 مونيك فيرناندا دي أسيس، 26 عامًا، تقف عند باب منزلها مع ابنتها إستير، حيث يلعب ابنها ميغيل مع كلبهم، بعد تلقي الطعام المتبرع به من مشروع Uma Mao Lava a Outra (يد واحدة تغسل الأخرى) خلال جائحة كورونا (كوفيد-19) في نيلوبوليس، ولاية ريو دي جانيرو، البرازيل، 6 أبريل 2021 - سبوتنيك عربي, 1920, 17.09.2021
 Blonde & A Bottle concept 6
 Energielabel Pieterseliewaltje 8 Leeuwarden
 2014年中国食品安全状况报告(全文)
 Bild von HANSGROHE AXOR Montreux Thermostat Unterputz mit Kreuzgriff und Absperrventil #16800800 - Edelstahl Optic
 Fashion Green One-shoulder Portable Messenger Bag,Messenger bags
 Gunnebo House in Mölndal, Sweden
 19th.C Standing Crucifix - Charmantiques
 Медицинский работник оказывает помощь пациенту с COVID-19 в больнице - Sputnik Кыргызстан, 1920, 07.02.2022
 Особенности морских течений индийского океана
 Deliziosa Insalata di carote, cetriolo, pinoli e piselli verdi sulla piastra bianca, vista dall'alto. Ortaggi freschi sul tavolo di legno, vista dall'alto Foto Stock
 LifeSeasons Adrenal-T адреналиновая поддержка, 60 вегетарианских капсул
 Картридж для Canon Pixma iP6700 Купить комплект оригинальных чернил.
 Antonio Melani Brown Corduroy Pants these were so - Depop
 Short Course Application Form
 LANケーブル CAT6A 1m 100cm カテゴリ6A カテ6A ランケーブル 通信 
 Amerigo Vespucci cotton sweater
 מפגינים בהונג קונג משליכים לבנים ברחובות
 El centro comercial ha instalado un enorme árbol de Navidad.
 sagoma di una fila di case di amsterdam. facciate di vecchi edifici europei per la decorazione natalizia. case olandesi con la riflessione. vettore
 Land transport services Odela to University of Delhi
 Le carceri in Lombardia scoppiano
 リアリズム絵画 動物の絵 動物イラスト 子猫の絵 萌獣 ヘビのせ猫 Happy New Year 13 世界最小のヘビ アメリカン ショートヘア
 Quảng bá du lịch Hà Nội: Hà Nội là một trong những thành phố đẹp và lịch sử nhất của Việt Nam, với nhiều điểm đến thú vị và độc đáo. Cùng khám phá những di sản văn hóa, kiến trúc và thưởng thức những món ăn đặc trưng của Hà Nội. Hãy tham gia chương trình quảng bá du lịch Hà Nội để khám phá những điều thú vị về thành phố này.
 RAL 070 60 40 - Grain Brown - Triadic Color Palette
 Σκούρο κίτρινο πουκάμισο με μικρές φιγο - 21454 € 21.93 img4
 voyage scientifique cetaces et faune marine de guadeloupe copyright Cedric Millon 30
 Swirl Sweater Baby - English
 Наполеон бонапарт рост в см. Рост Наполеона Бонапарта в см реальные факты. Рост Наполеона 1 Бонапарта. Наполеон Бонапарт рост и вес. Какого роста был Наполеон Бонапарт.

- **PROBLEM REQUIREMENTS**:
When you reach the line that contains "voyage scientifique cetaces" in the material above, please copy it and every line after it exactly, stopping only at the last line.

- **RESPONSE BELOW**:
 voyage scientifique cetaces et faune marine de guadeloupe copyright Cedric Millon 30
 Swirl Sweater Baby - English
 Наполеон бонапарт рост в см. Рост Наполеона Бонапарта в см реальные факты. Рост Наполеона 1 Бонапарта. Наполеон Бонапарт рост и вес. Какого роста был Наполеон Бонапарт.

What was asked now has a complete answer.